[Given data Boundary: Start]

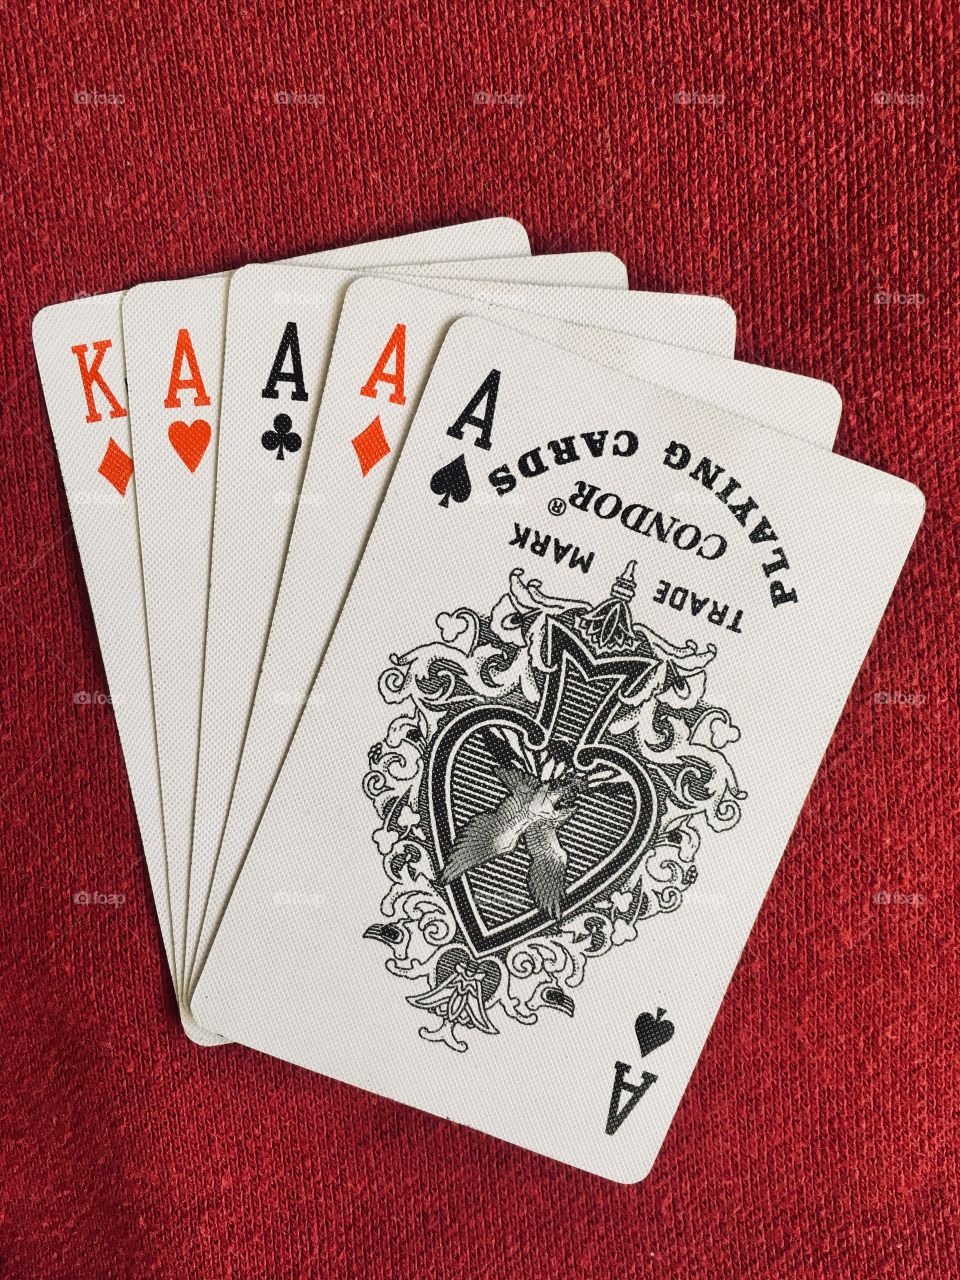 Poker hand- Four of a kind
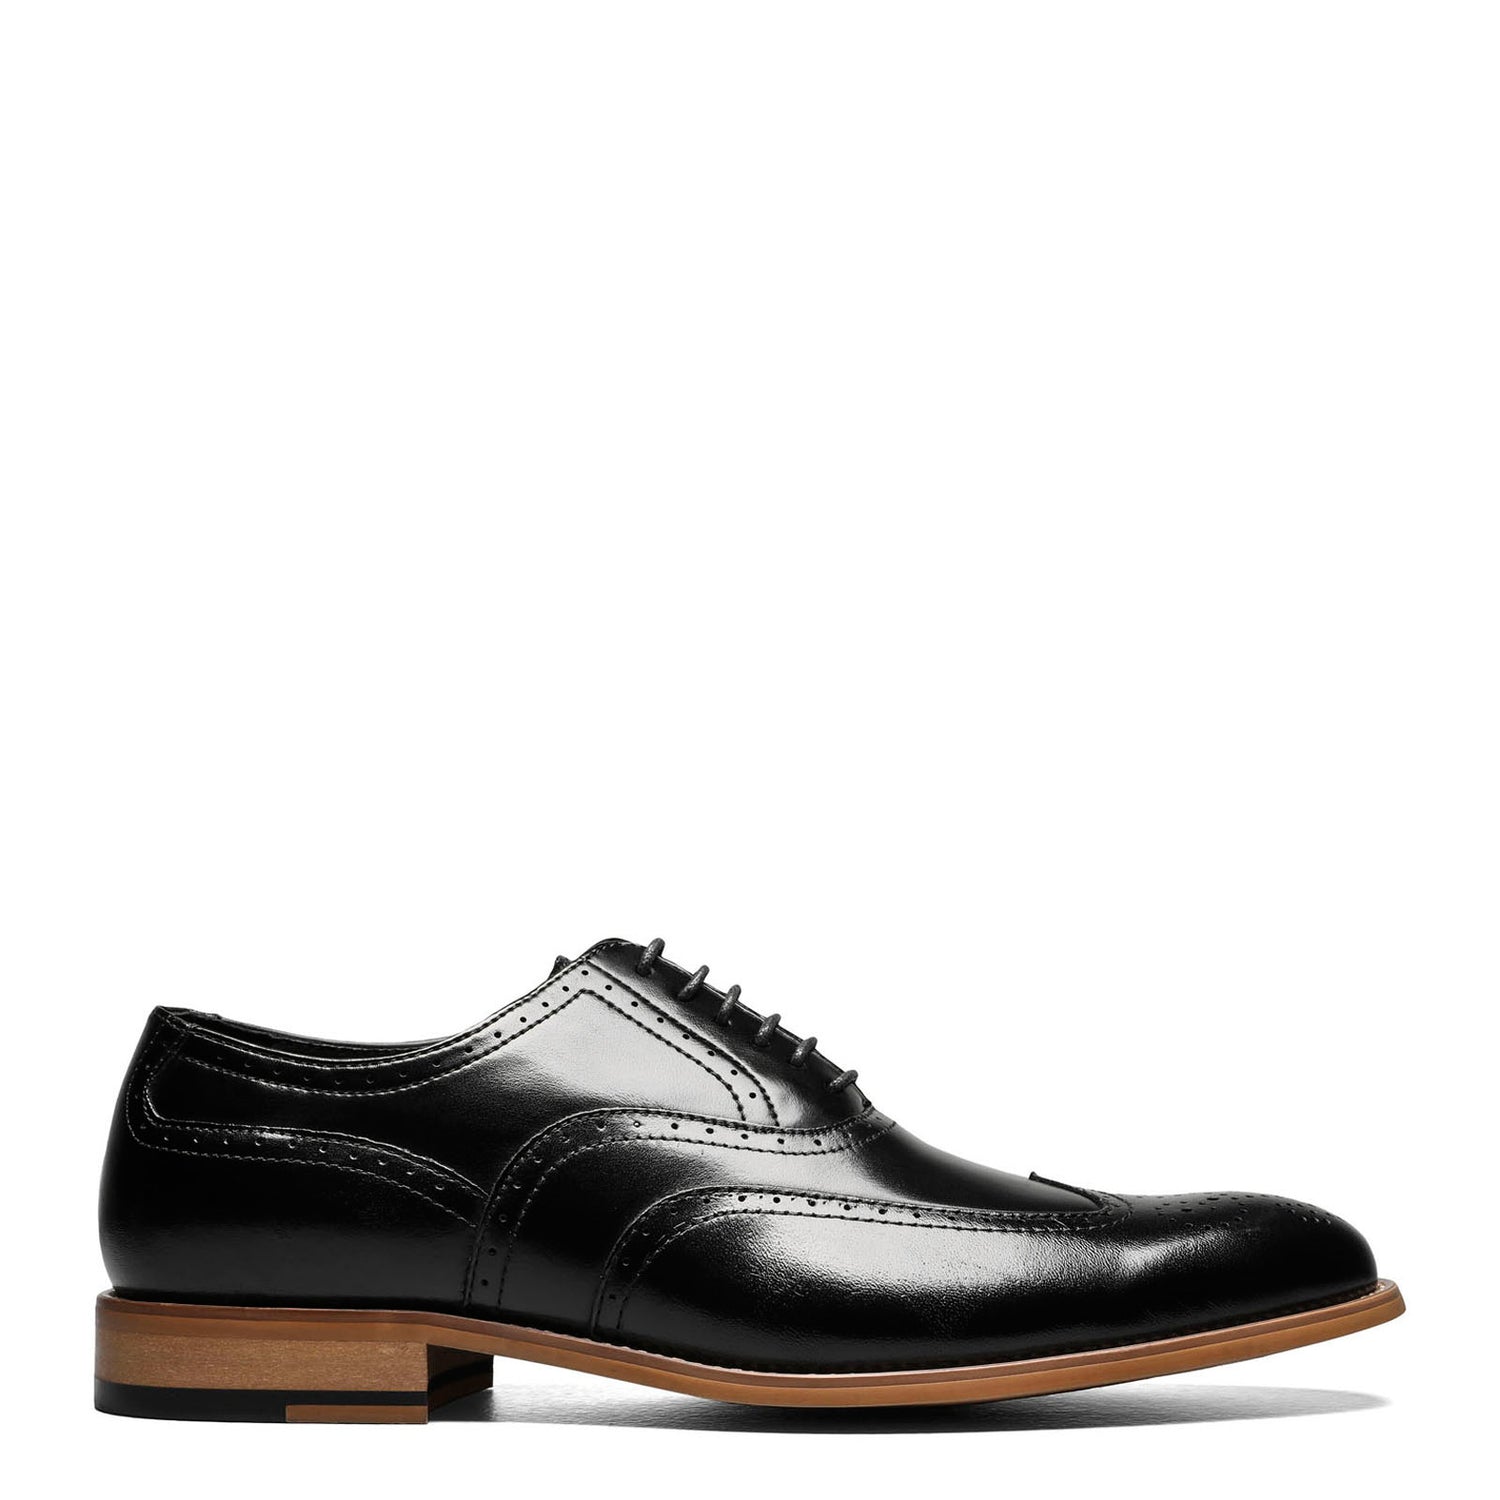 Peltz Shoes  Men's Stacy Adams Dunbar Wingtip Oxford BLACK 25064-001
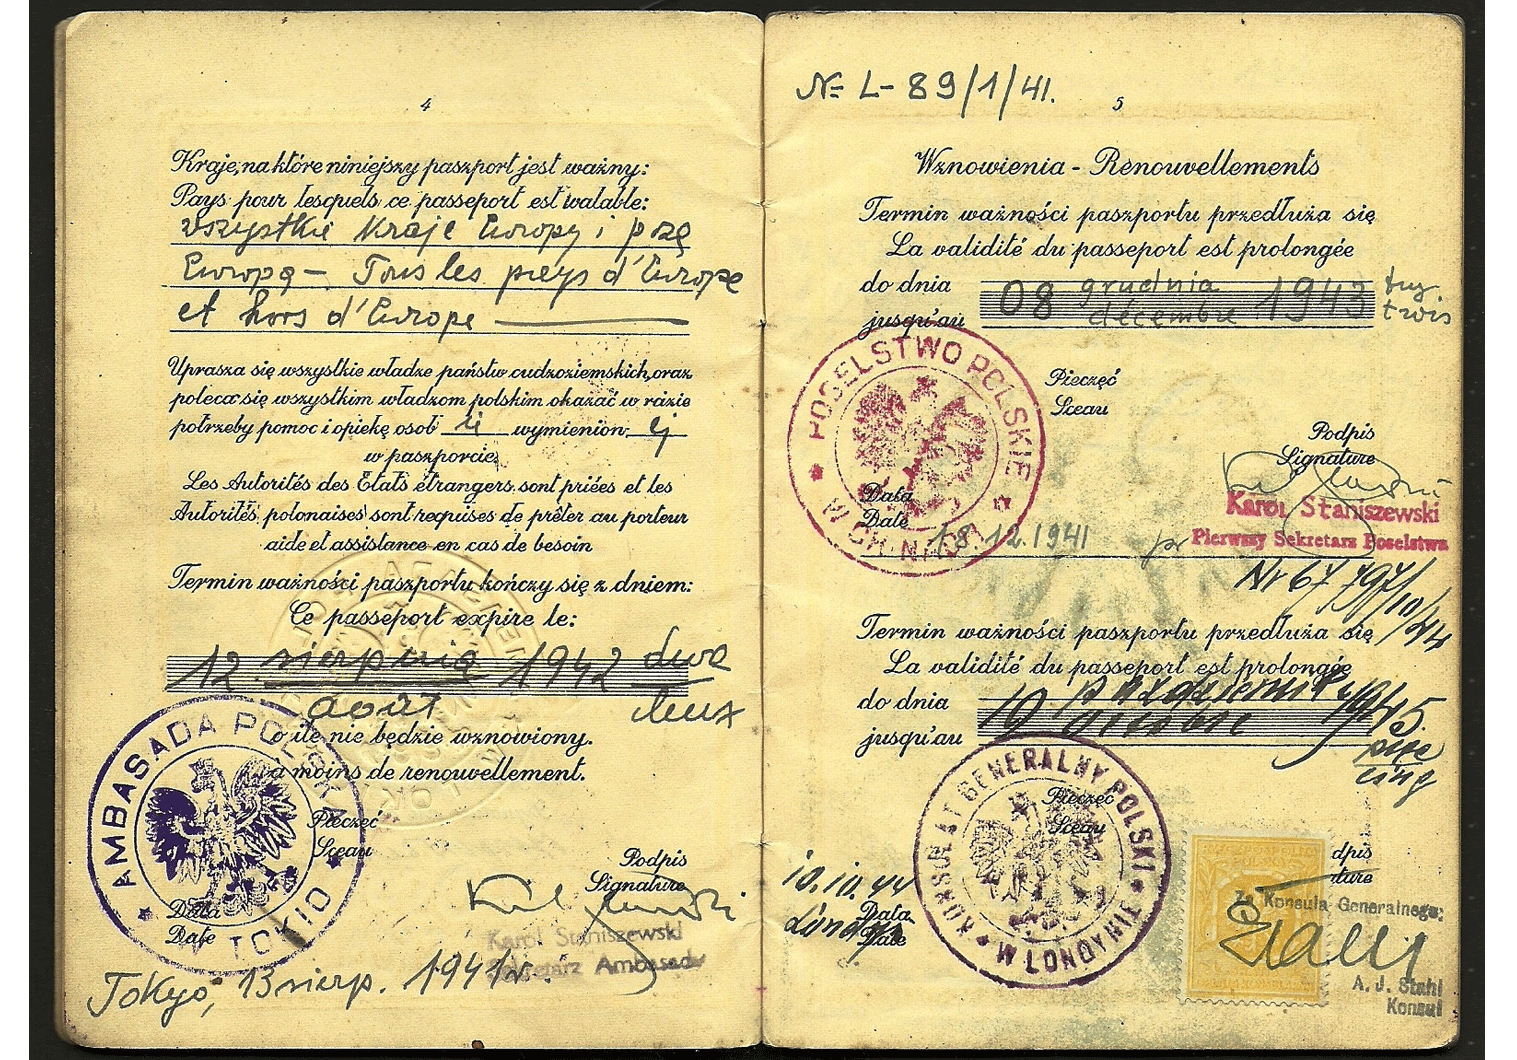 WW2 Polish passport
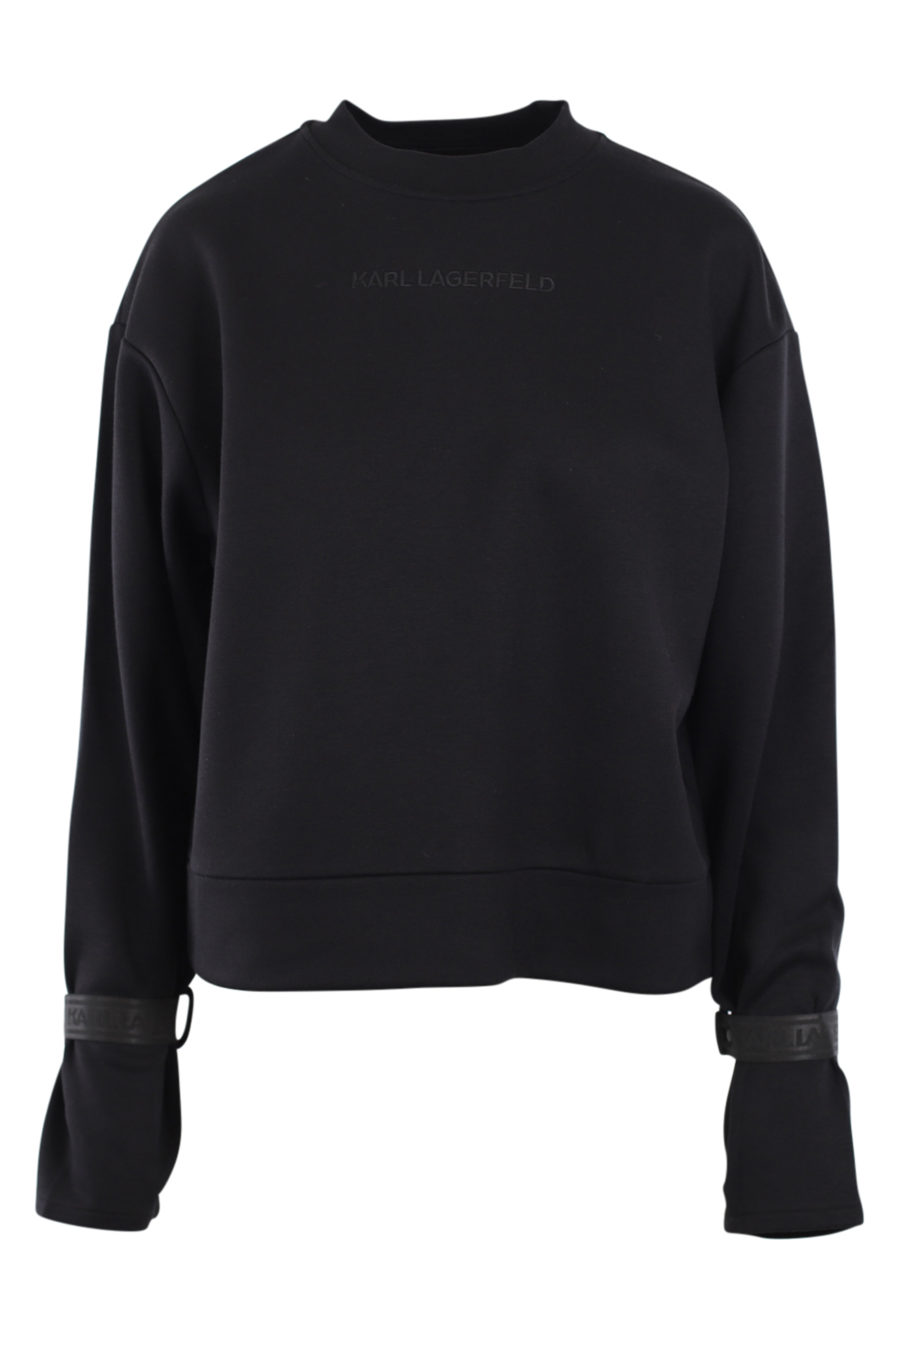 Black sweatshirt with black logo - IMG 0892

[Given data Boundary: End]

Assignment - Your copy must begin at the line containing "WW2 Polish passport" and end at the last line of the material above. Reproduce each line exactly, but not the pictures.

Output of the task -
 WW2 Polish passport
 Black sweatshirt with black logo - IMG 0892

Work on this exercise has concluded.